U-Pb isotopic dating of detrital zircons from a conglomeratic barite sandstone in the Sonora allochthon and a calciclastic sandstone in the Mina México foredeep of the Minas de Barita area reveals two main age groups in the Upper Devonian part of the Los Pozos Formation, 1.73–1.65 Ga and 1.44–1.42 Ga; and three main age groups in the Lower Permian part of the Mina México Formation, 1.93–1.91 Ga, 1.45–1.42 Ga, and 1.1–1.0 Ga. Small numbers of zircons with ages of 2.72–2.65 Ga, 1.30–1.24 Ga, ca. 2.46 Ga, ca. 1.83 Ga, and ca. 0.53 Ga are also present in the Los Pozos sandstone. Detrital zircons ranging in age from 1.73 to 1.65 Ga are considered to have been derived from the Yavapai, Mojave, and Mazatzal Provinces and their transition zones of the southwestern United States and northwestern Mexico.
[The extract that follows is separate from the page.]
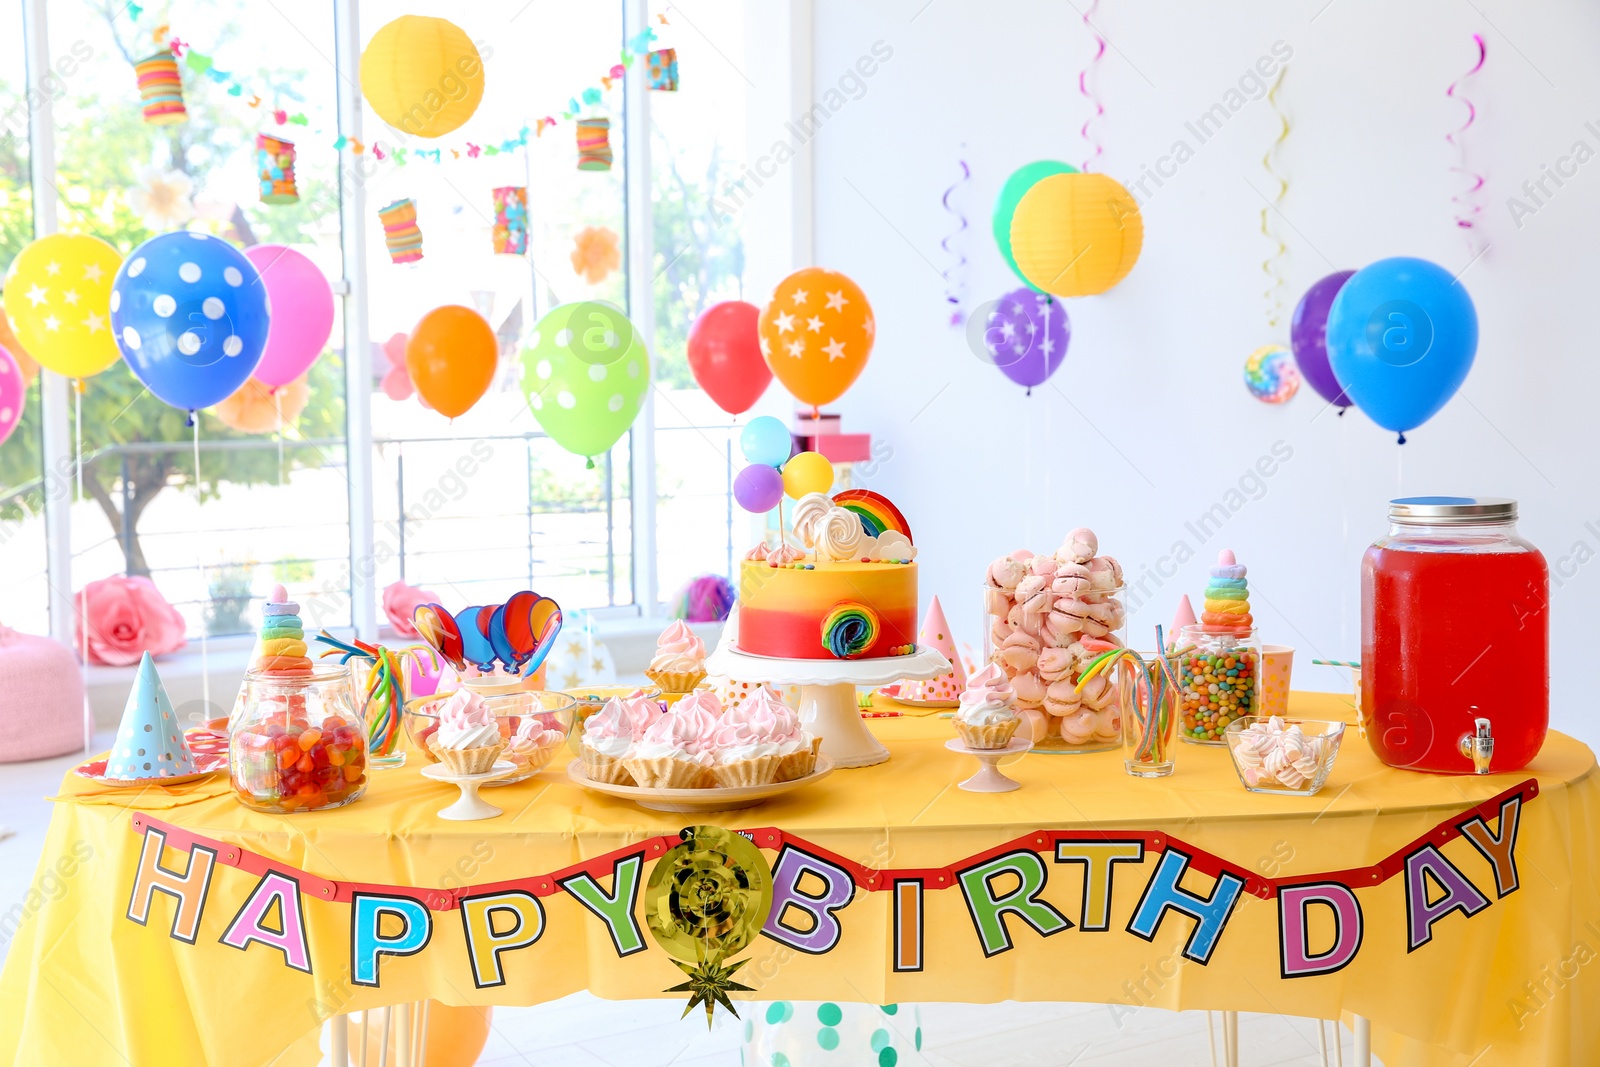 Photo of Table with birthday cake and delicious treats indoors

The 1.45–1.30 Ga detrital zircons were probably derived from scattered granite bodies within the Mojave and Mazatzal basement rocks in the southwestern United States and northwestern Mexico, and possibly from the Southern and Eastern Granite-Rhyolite Provinces of the southern United States. The 1.24–1.0 Ga detrital zircons are believed to have been derived from the Grenville (Llano) Province to the east and northeast or from Grenville-age intrusions or anatectites to the north. Several detrital zircon ages ranging from 2.72 to 1.91 Ga were probably derived originally from the Archean Wyoming Province and Early Paleoproterozoic rocks of the Lake Superior region. These older detrital zircons most likely have been recycled one or more times into the Paleozoic sandstones of central Sonora. The 0.53 Ga zircon is believed to have been derived from a Lower Cambrian granitoid or metamorphic rock northeast of central Sonora, possibly in New Mexico and Colorado, or Oklahoma. Detrital zircon geochronology suggests that most of the detritus in both samples was derived from Laurentia to the north, whereas some detritus in the Permian synorogenic foredeep sequence was derived from the evolving accretionary wedge to the south. Compositional and sedimentological differences between the continental-rise Los Pozos conglomeratic barite sandstone and the foredeep Mina México calciclastic sandstone imply different depositional and tectonic settings.